Эта треклятая война унесла жизнь трёх моих сестёр, отца и теперь уже четырёх братьев. У моей матери осталась я, маленькая Амина, и самая старшая Зульфия, уехавшая в Грозный. Она лишилась последнего сына, а горюет только о заколотом баране…
Впрочем, зря я так строга матери, сама не без греха…
Я помню, как погиб отец, это было три года назад. Ночью я проснулась от шороха. Мне показалось, что какой-то зверёк скребётся о дверь нашего дома. Все спали, мне очень не хотелось вставать, я повернулась на другой бок и попыталась заснуть снова, но тут раздался стон, явно человеческий стон… Я выругалась и накрыла голову подушкой, мне не было никакого дела до этих звуков, они лишь мешали моему сну. Стоны становились то громче, то тише, но не прекращались ни на секунду.

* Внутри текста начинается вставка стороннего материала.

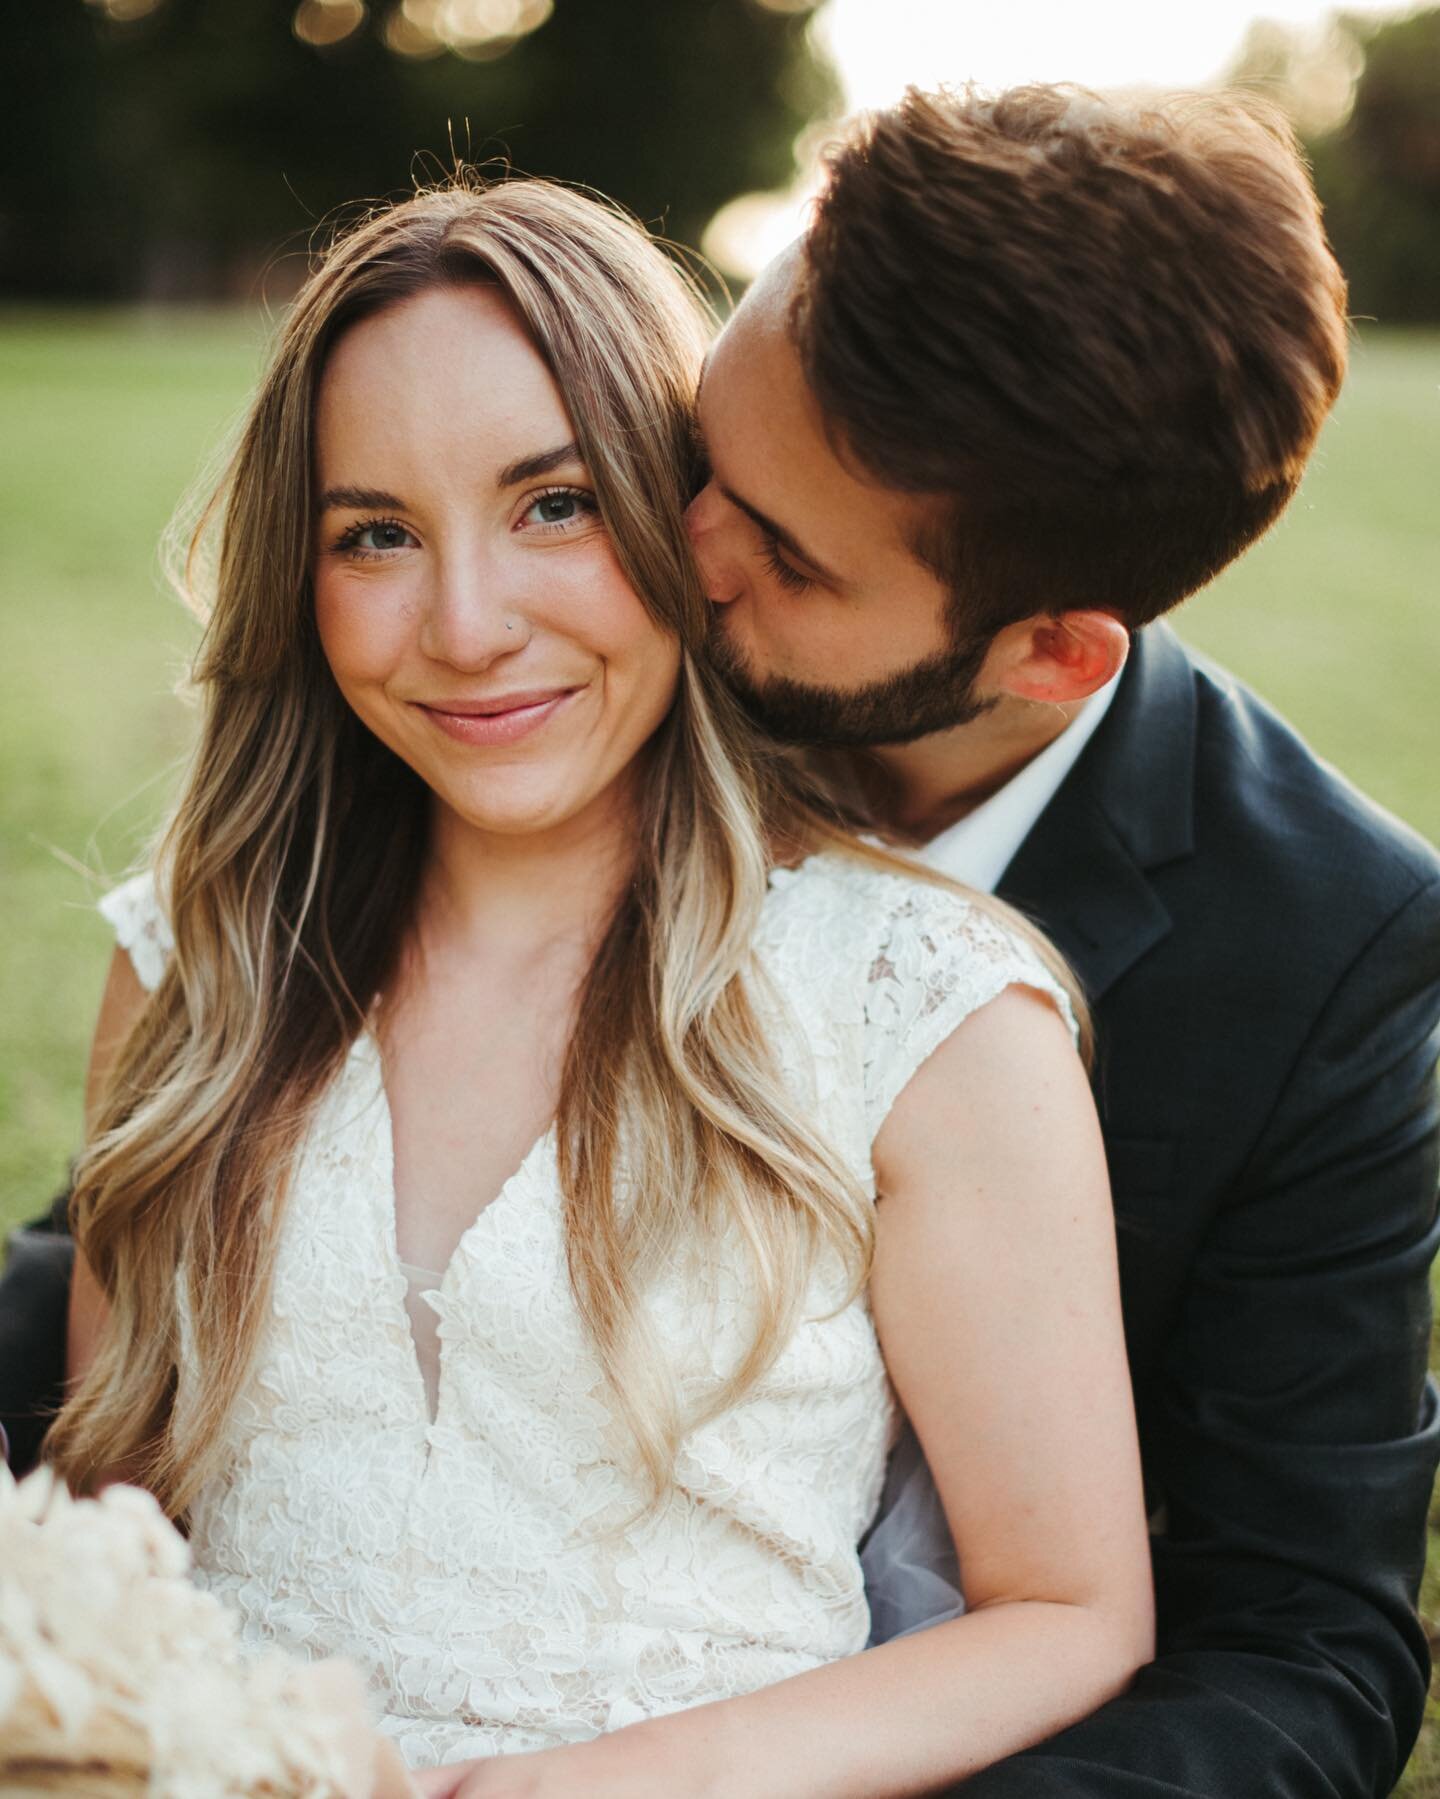 I seriously cannot get over how incredible being able to photograph love is!!!! Like oh my goodness, every time I&rsquo;m editing each gallery, I get this smile because it&rsquo;s so beautiful how different and unique each couples connection is ✨✨

Наконец, я сдалась, накинула на плечи шаль и отперла дверь – на пороге лежал мой бедный отец. Он с мольбой взглянул на меня - надеялся, что я облегчу его страдания. Но я лишь присела радом с ним на корточки и пощупала пульс, впрочем, это было лишним, я видела достаточно умирающих, чтобы понять, что минуты жизни моего отца сочтены. Было слишком темно, чтобы понять, что случилось, но меня это и не волновало. Я поднялась, поправила шаль на плечах и, немного подумав, вернулась домой – спать. Отцу всё равно не помочь, а сон во время войны стоит очень дорого!
Утром мы все проснулись от крика Зульфии, споткнувшейся о тело нашего отца.
***
Лето было таким же, как и сейчас – душным и спёртым, только тогда такая погода стояла не в августе и не на Украине, а в июне, в обычно холодном Петрограде.
Она лежала на моей груди и смотрела в высокое лазурное небо, изрешечённое листьями большой осины, казалось, она хотела впитать в себя это небо, вобрать каждую его частичку, запомнить его малейшее движение, чтобы никогда не забыть, чтобы вспомнить его в мельчайших подробностях, когда уже надо буде вспоминать.
А я вдыхал томно-терпкий запах Её волос и сходил с ума…
- Может, ты посмотришь и на меня?
Она улыбнулась и взглянула на меня так ласково, так страстно… Я не смог выдержать Её взгляда, я поцеловал Её. Она не упиралась, не возмущалась, Она приняла это как должное…
Рядом с Ней я терял рассудок, рядом с Ней я был счастлив, рядом с Ней не было ничего кроме меня и Её, да и меня-то не было.
Но однажды Она пришла ко мне. Она никогда не приходила раньше, даже когда я звал Её, я не был уверен в том, что она знает мой адрес. Поэтому я был очень удивлён, когда мне доложили о Её приходе. На Ней было длинное тёмно-зелёное платье, так шедшее к её тёмно-рыжим волосам, выбивавшимся из-под шляпки с чёрной вуалью, скрывавшей от меня Её прекрасные глаза.
- Пожалуйста, только не перебивай меня, - ледяным тоном заявила Она, останавливая меня в нескольких шагах от себя.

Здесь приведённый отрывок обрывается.